DUSHANBE, April 3 (RAPSI) – The Economic Court of Dushanbe, Tajikistan, decided on Wednesday to nullify the privatization of Guliston, a company whose main shareholder is Ukrainian businessman Dmitry Firtash, attorney Ishoq Tabarov said.

“Firtash owns 95% of the company and the remaining 5% belongs to Khairullo, the son of Zayd Saidov,” Tabarov said.

In February 2014, Zayd Saidov, the ex-Industry Minister and the leader of the unregistered New Tajikistan party, was sentenced to 26 years in prison on five charges, including financial fraud, and his property was seized. Zayd Saidov has also been prohibited from doing business for five years after his release.

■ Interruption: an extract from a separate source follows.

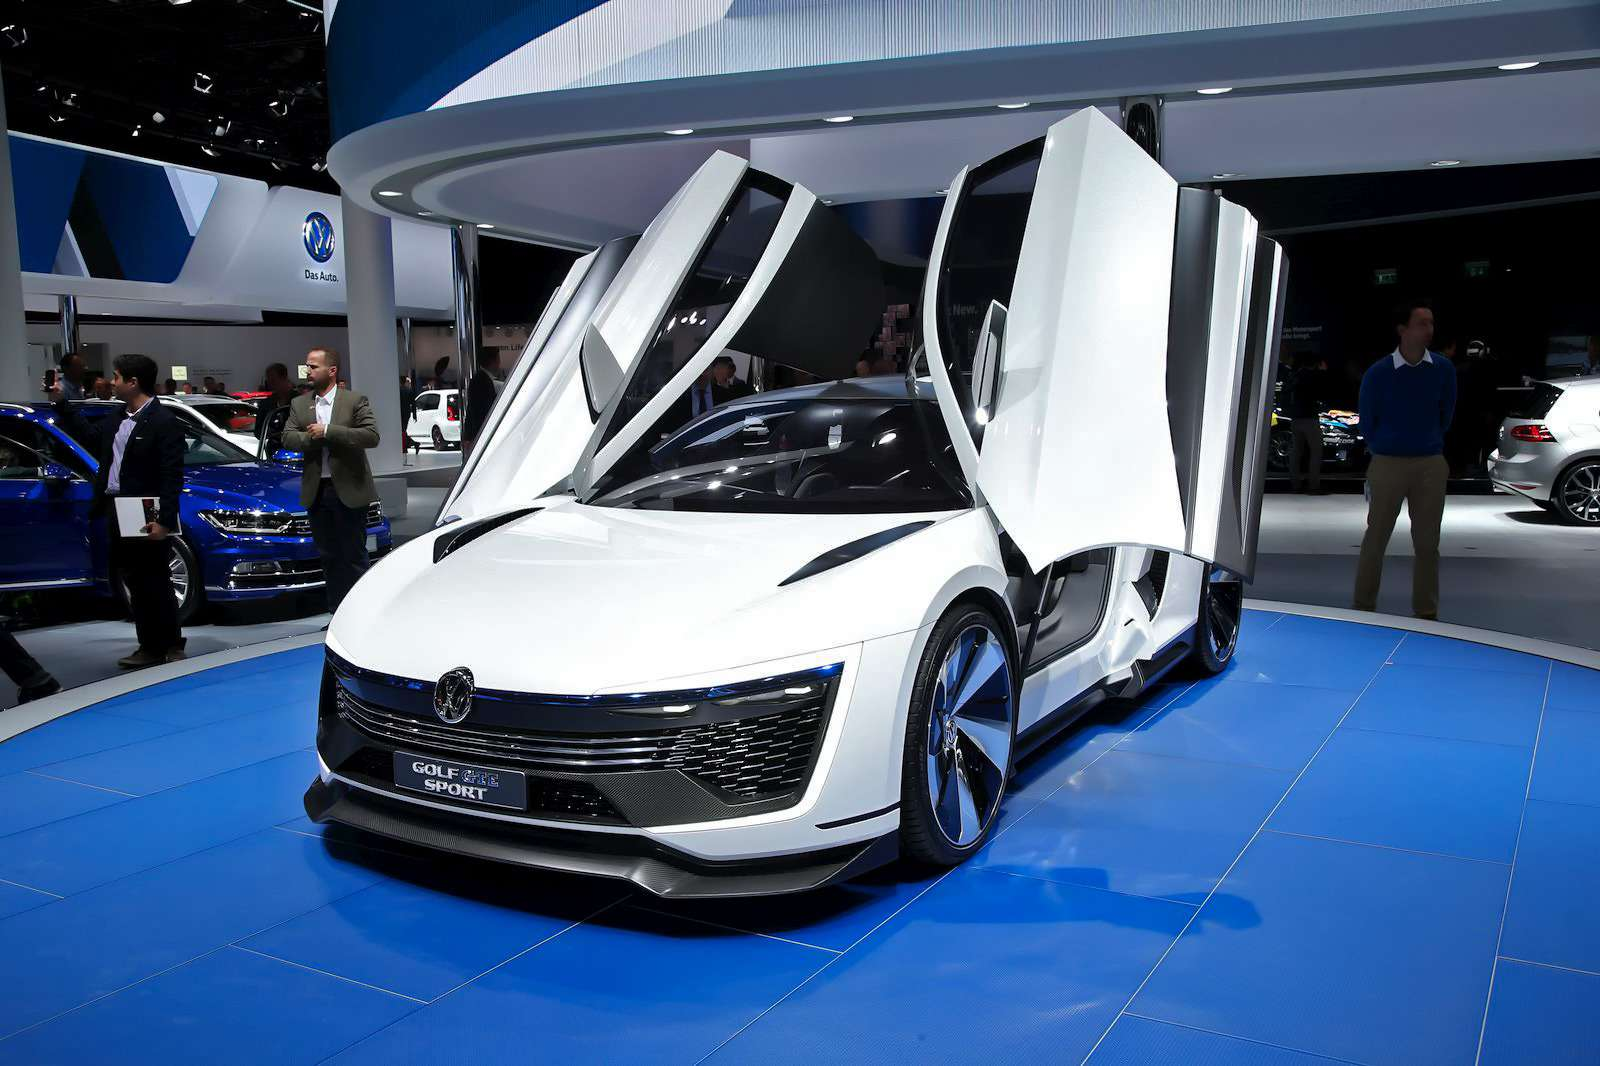 VW_Golf_GTE_Sport_1

Guliston, which produces Winguardia cotton and denim clothes, mostly for export, was confiscated under a motion filed by the Tajik Financial Control and Corruption Agency, which argued that Guliston, formerly a sewing factory, was privatized in violation of the law.

Firtash, 48, who amassed his fortune in Russia’s transit gas trade, was arrested in central Vienna on March 12 based on an FBI warrant. According to the bureau, an investigation on Firtash began in 2006 and resulted in bribery and organized crime charges. An arrest warrant was subsequently issued.

A Vienna court announced in March that the EUR 125 million ($174 million) bail for Firtash had been received, but that federal money laundering authorities had frozen the funds to investigate the source.